We studied modulatory effects of the cholinergic system on the activity of sensorimotor cortex neurons related to realization of an instrumental conditioned placing reflex. Experiments were carried out on awake cats; multibarrel glass microelectrodes were used for extracellular recording of impulse activity of neurons in the sensorimotor cortex and iontophoretic application of synaptically active agents within the recording region. The background and reflex-related activity was recorded in the course of realization of conditioned movements, and then changes of spiking induced by applications of the testing substances were examined. Applications of acetylcholine and carbachol resulted in increases in the intensity of impulse reactions of neocortical neurons evoked by presentation of an acoustic signal and in simultaneous shortening of the response latencies.
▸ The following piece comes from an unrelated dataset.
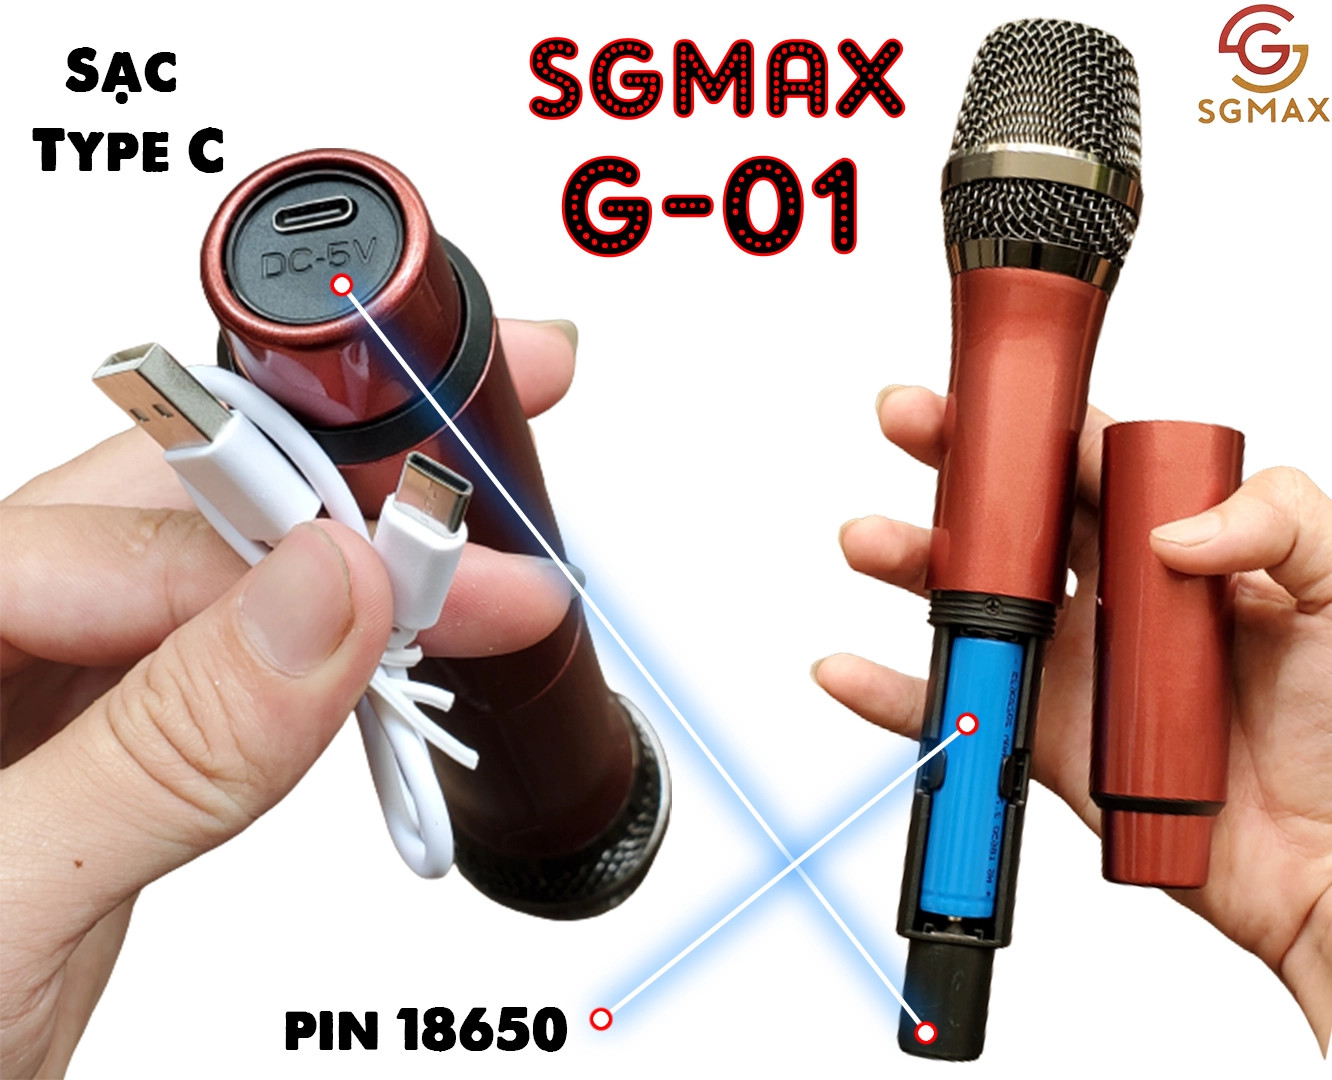 [XÃ KHO] Micro Không Dây SGMAX G01,Mẫu Mới,Chuyên Dùng Cho karaoke Hát Nhẹ. Thiết kế chắc chắn, tỉ mỉ, chức năng hiện đại

An agonist of muscarinic receptors, pylocarpine, exerted a similar effect on the evoked activity of sensorimotor cortex neurons. Blockers of muscarinic receptors, atropine and scopolamine, vice versa, sharply suppressed impulse reactions of cortical neurons to afferent stimulation and simultaneously increased latencies of these responses. Applications of an agonist of nicotinic receptors, nicotine, was accompanied by suppression of impulse neuronal responses, an increase in the latency of spike reactions to presentation of a sound signal, and a corresponding increase in the latency of a conditioned motor reaction. In contrast, application of an antagonist of nicotinic receptors, tubocurarine, significantly intensified neuronal spike responses and shortened their latency. The mechanisms underlying the effects of antagonists of membrane muscarinic and nicotinic cholinoreceptors and the role of activation of these receptors in the modulation of activity of pyramidal and non-pyramidal neocortical neurons related to realization of the instrumental motor reflex are discussed.     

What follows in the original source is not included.